Set down without change every line from the line that contains "France, Paris, la" through the end of the listing, and only those lines. No pictures.

SUPPLIED MATERIAL:
══════════════════════════════

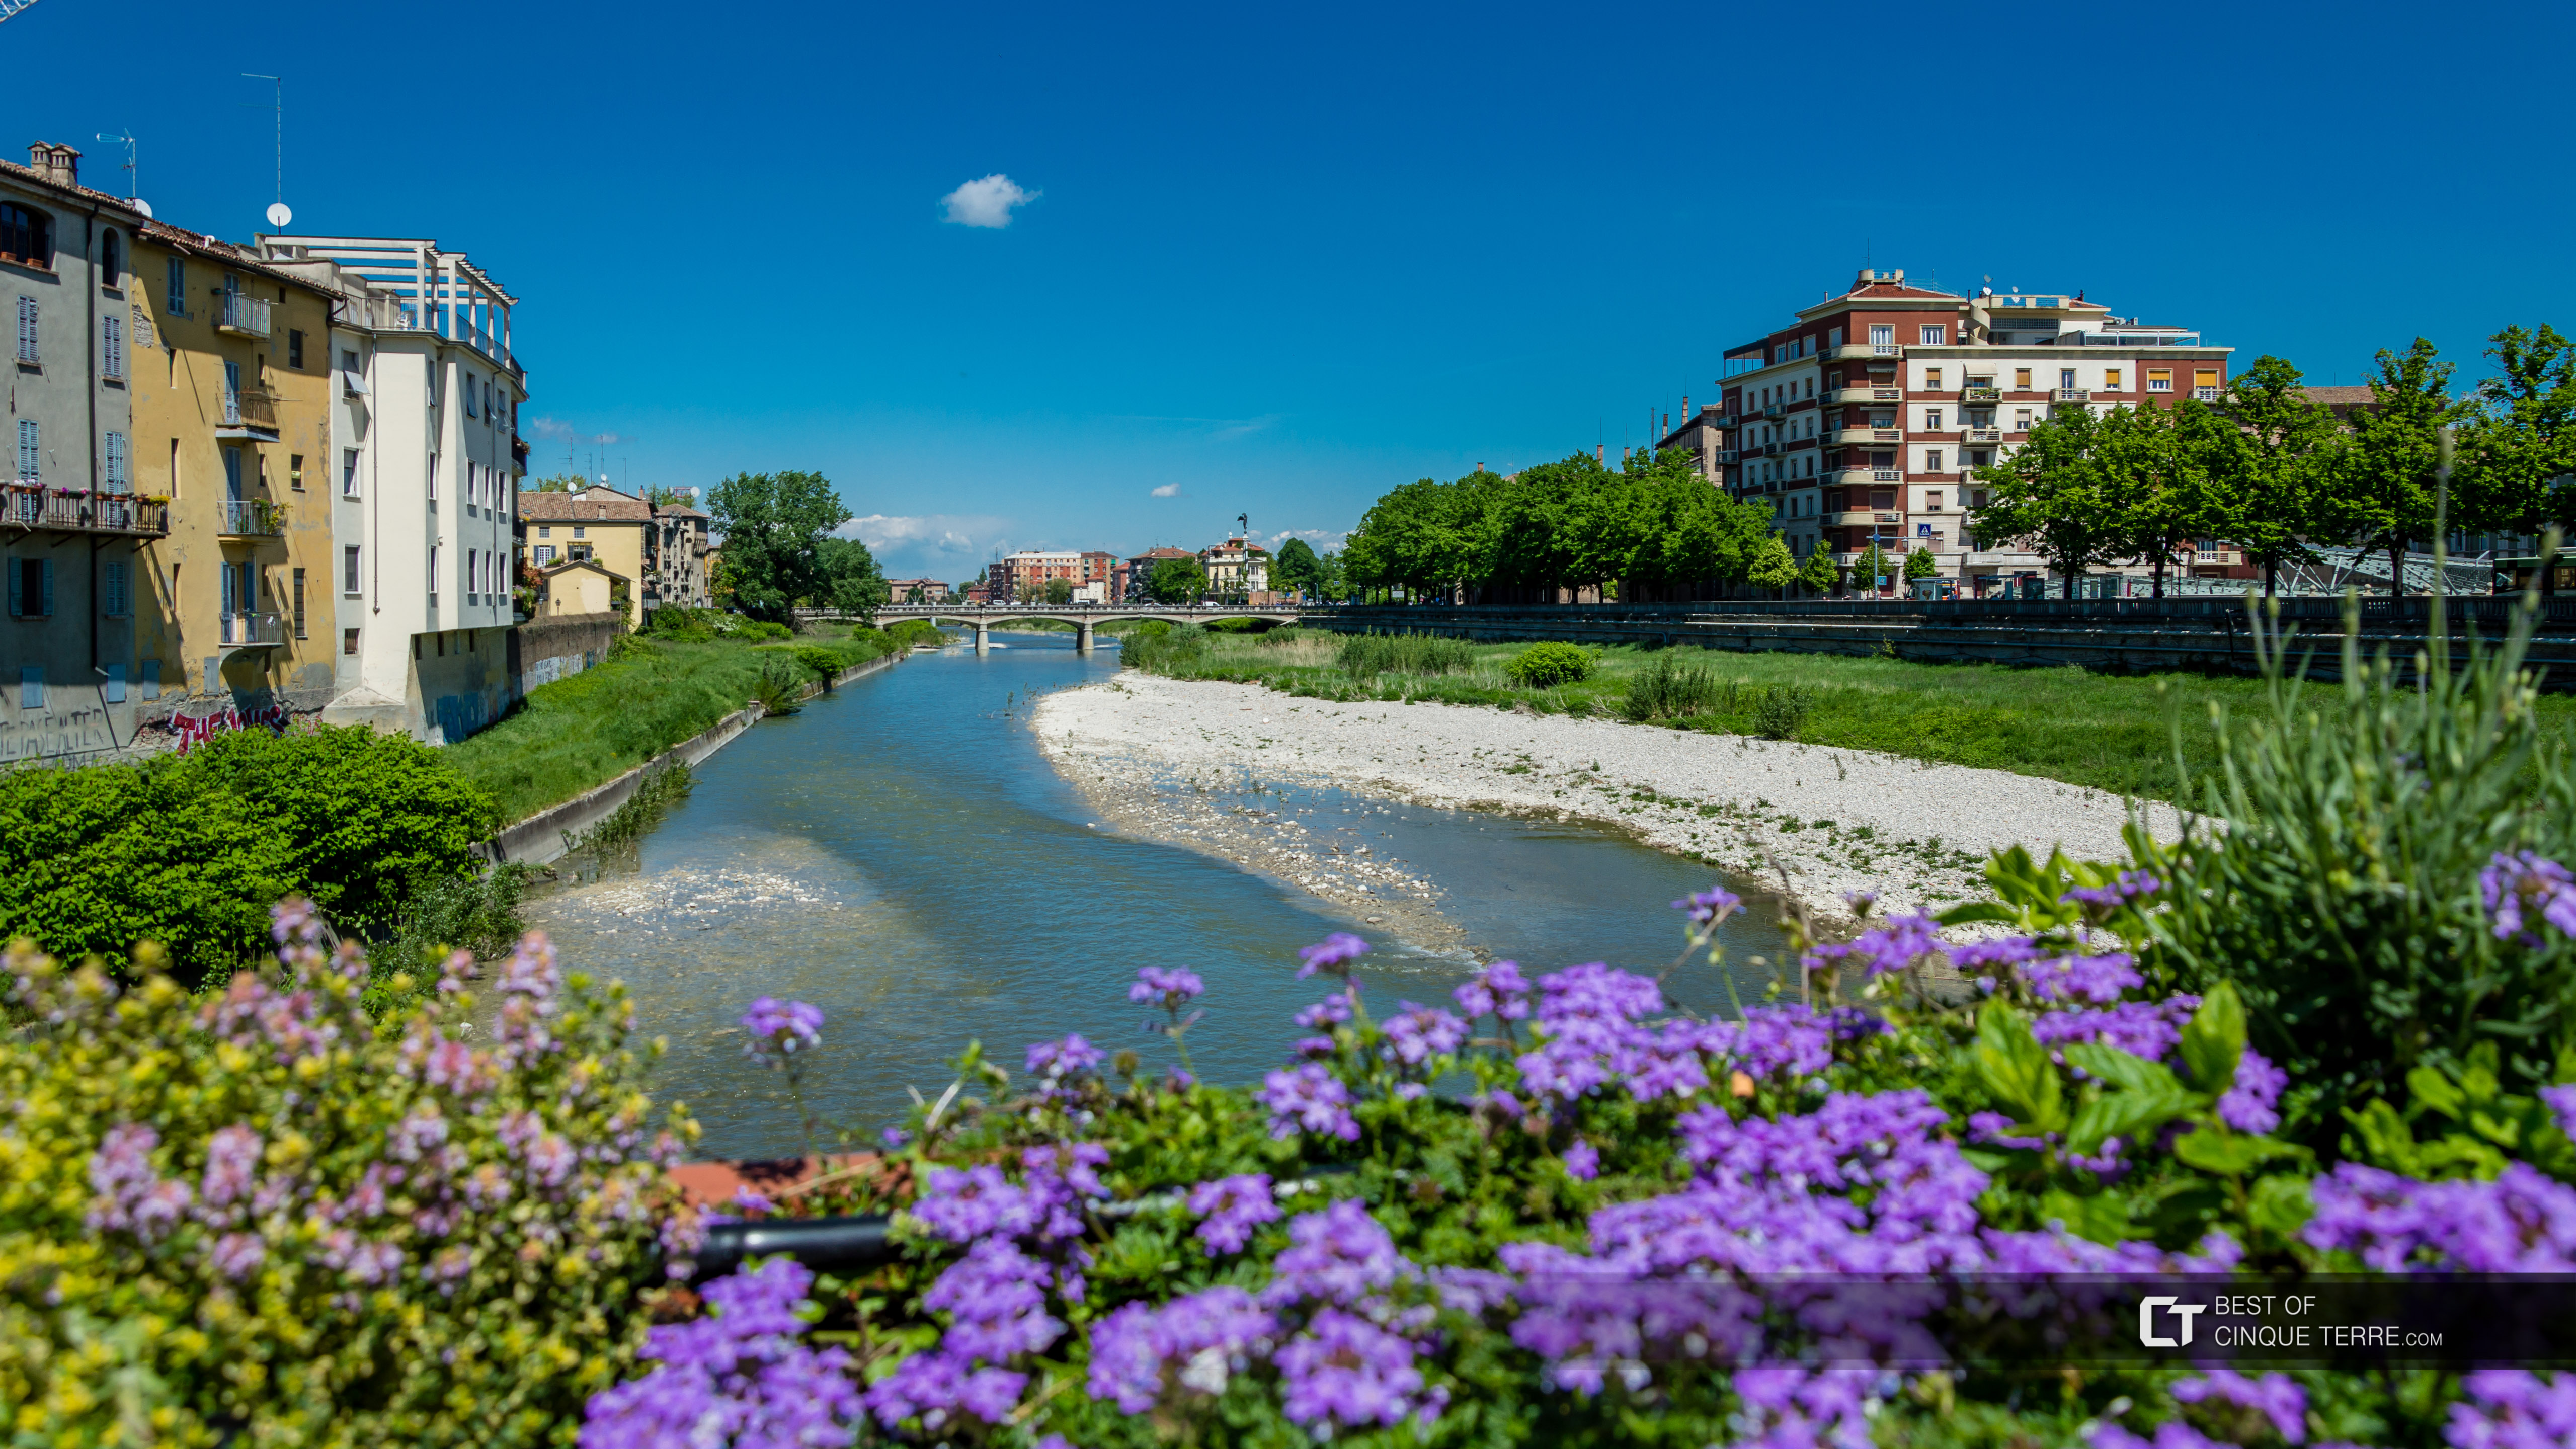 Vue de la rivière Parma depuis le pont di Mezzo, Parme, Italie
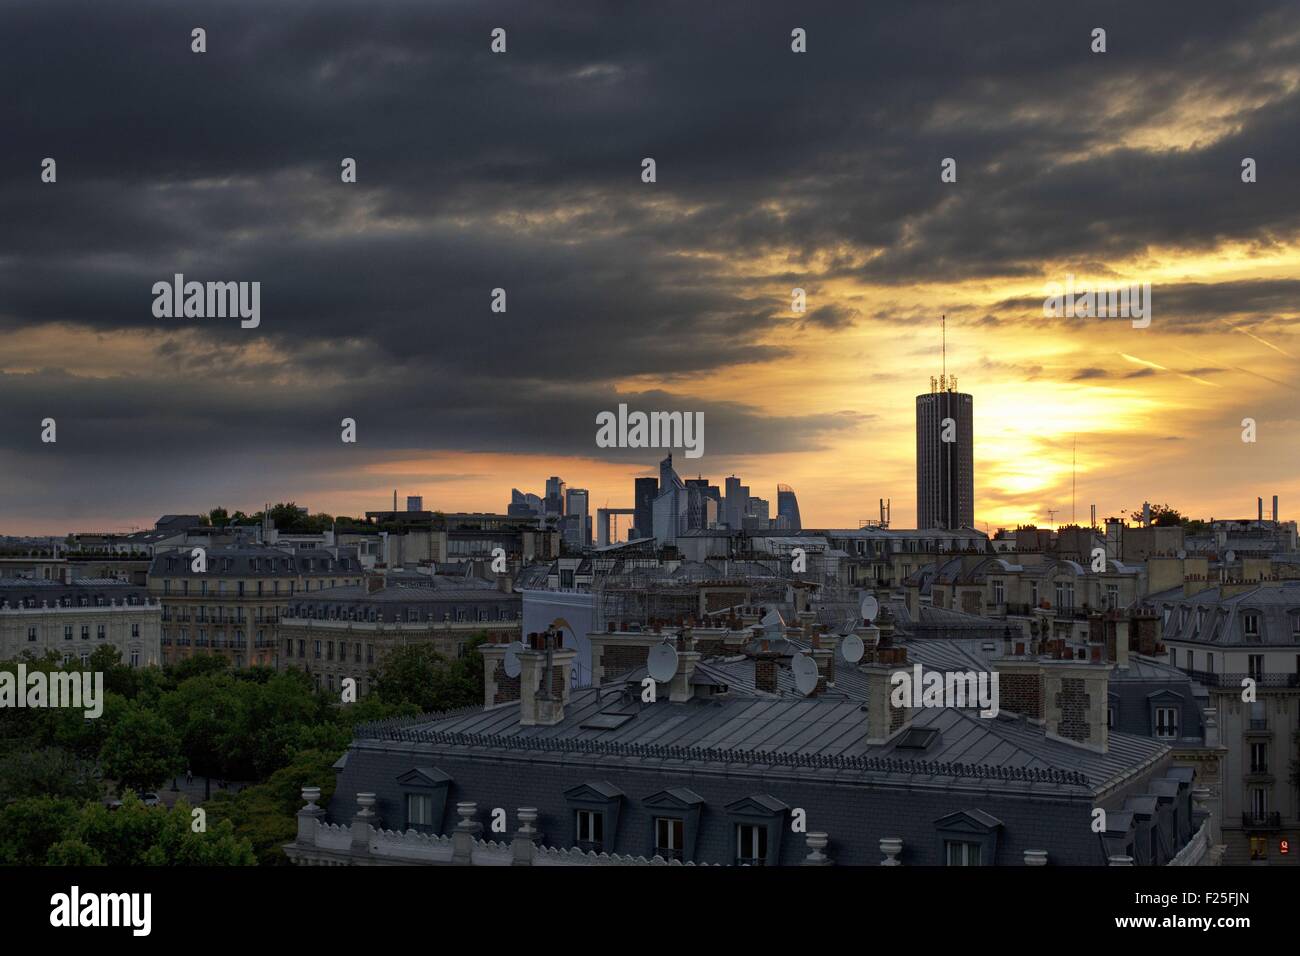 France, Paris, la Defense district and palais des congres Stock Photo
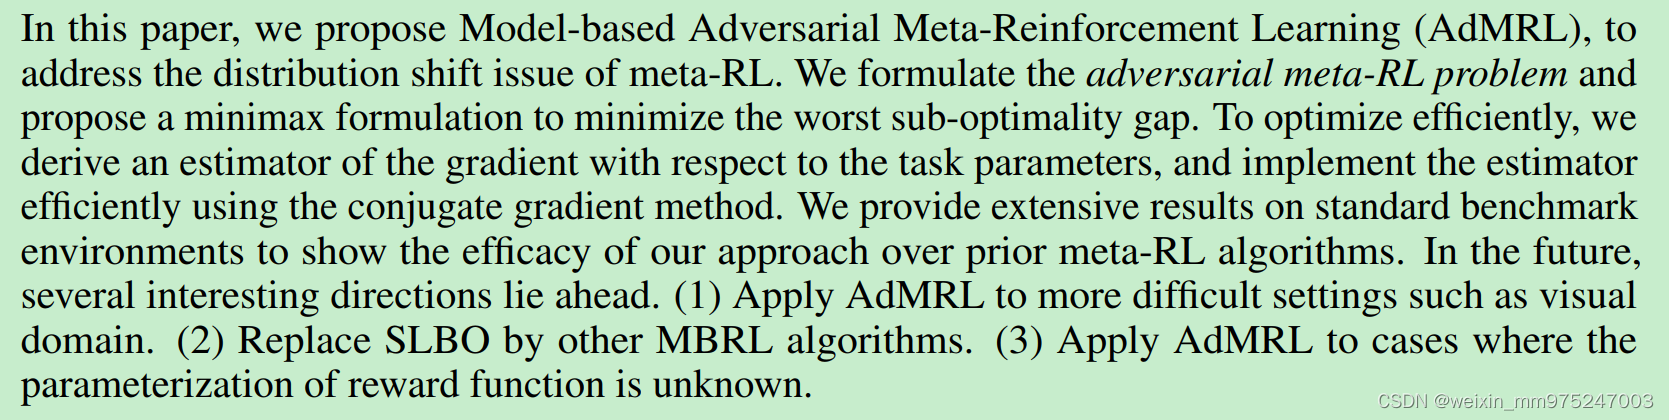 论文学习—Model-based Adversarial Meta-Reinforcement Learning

══════════════════════════════

ANSWER TO THIS EXERCISE:
 France, Paris, la Defense district and palais des congres Stock Photo
 论文学习—Model-based Adversarial Meta-Reinforcement Learning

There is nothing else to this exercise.